And as we look at all the puts and takes and the macroeconomic environment with the additional of risk associated with China and FX headwinds and those type of things, we still feel that, that 45% to 55% is possibility for us.
And so I would -- that's the way I would think about that guidance range.
Ashay Gupta - Associate
Got it.
And maybe just digging into Transportation and China auto for a second.
I mean, clearly the deceleration was pretty significant in the quarter.
Can you just may be parse out was China auto more specifically from a growth standpoint in 2Q?
And what's baked into your guidance for the back half of the year?
Christopher Rossi - President, CEO & Director
Yes.
We did see a significant decline in China.
Everyone understands the situation there and the fact that the automotive industry is actually depressed at this point.
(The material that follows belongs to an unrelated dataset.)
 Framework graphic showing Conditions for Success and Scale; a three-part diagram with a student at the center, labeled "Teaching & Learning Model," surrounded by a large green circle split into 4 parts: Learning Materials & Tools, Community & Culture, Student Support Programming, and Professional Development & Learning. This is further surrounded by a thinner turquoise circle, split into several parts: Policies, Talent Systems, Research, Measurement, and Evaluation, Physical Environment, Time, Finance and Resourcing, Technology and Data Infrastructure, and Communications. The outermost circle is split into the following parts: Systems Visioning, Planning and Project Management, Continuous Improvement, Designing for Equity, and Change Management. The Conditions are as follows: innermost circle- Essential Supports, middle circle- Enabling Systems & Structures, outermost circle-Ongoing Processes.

I just want to make a couple of general comments, then we'll talk more specifically about China.
But just remember, we've got good diversification across all markets.
And while China is certainly an area of potential growth for us to put it in perspective for overall Kennametal, it was about 11% revenue subject based on last fiscal year and about half of that is associated with Infrastructure.
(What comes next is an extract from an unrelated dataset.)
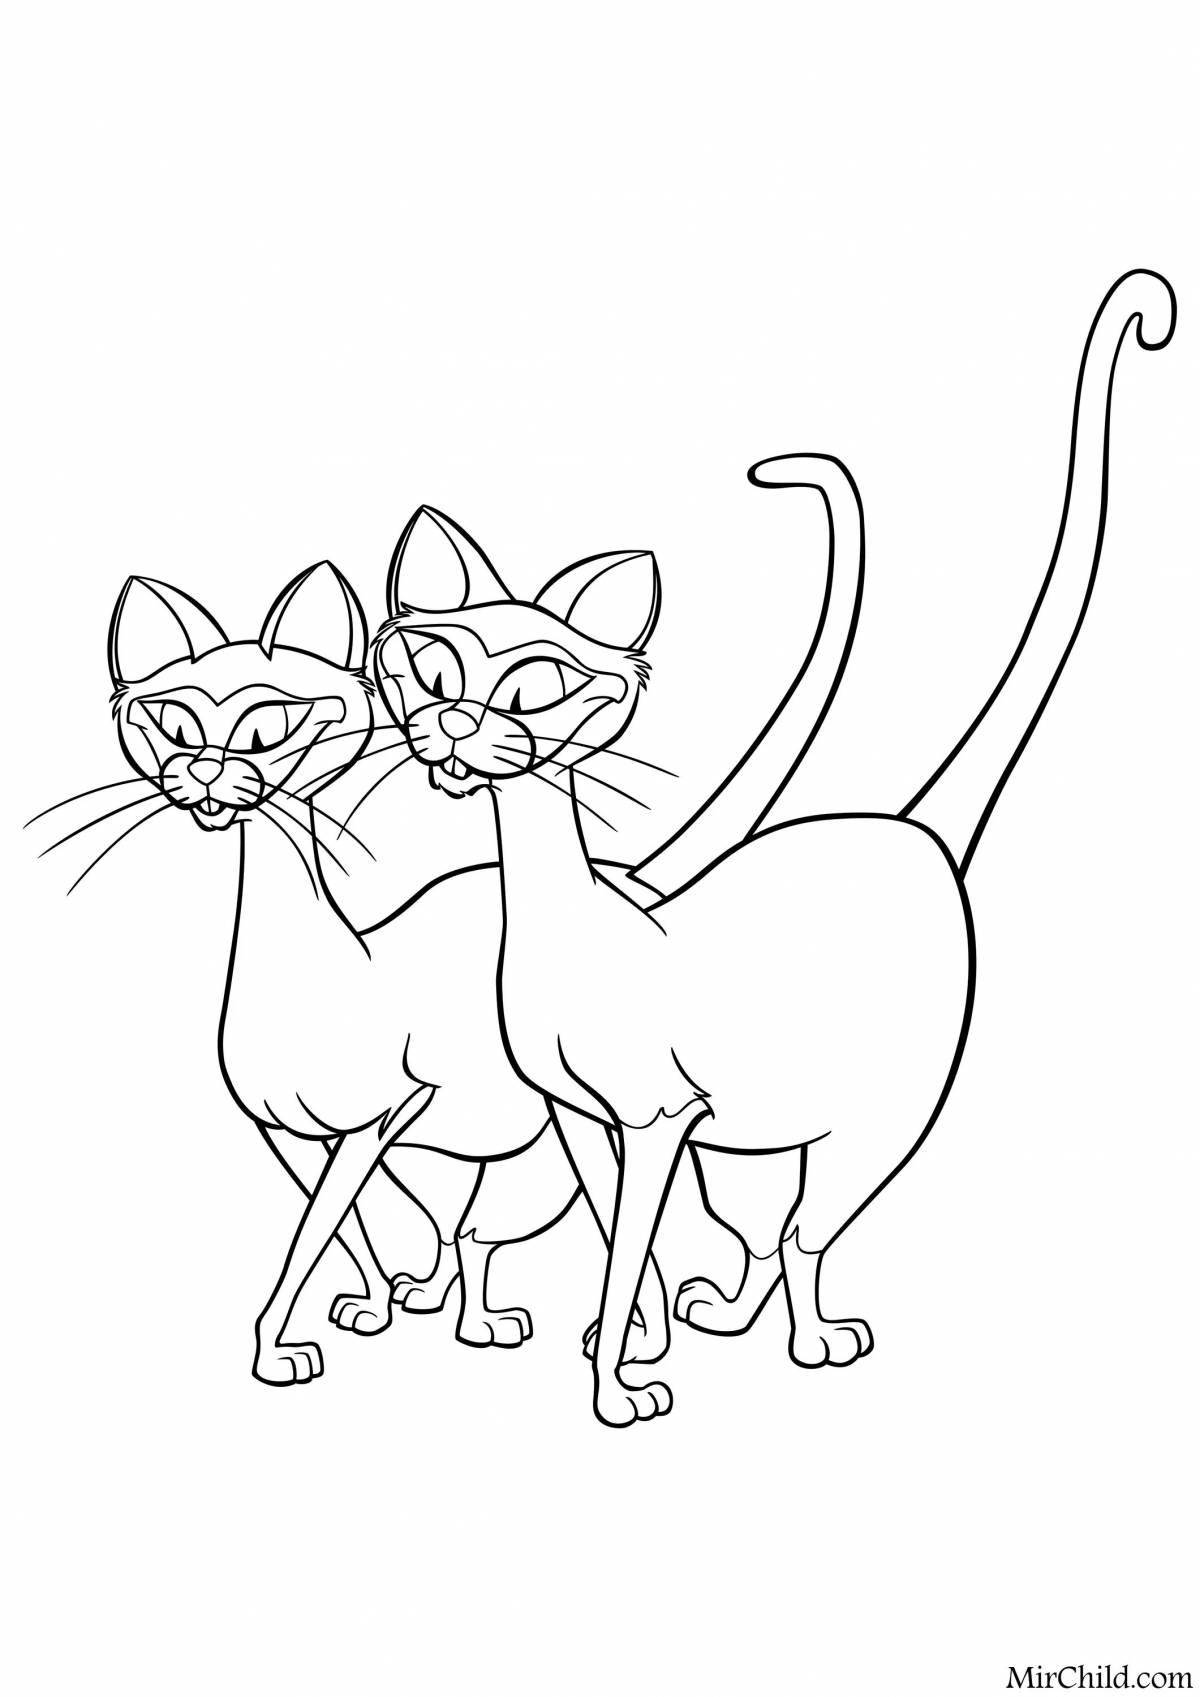 Fabulous Oliver and company coloring page

And as I said on the call, in our prepared remarks, Infrastructure hasn't seen that level of disruption in China.
So China is important, but it's not going to -- it's not going to overwhelm the company's results.
I think automotive is an important sector inside China, but also so is general engineering.
And while there's been some weakness there too, there's other markets in China, including aerospace and general engineering that are helping to offset that.
So I believe that our view of what's ahead for the rest of the fiscal year is quite realistic.
And we feel comfortable that we can match the guidance.
Operator
The next question will be from Julian Mitchell of Barclays.
Julian C.H. Mitchell - Research Analyst
May be just the first question around those Infrastructure margins.
I appreciate the conviction that they'll be up for the year.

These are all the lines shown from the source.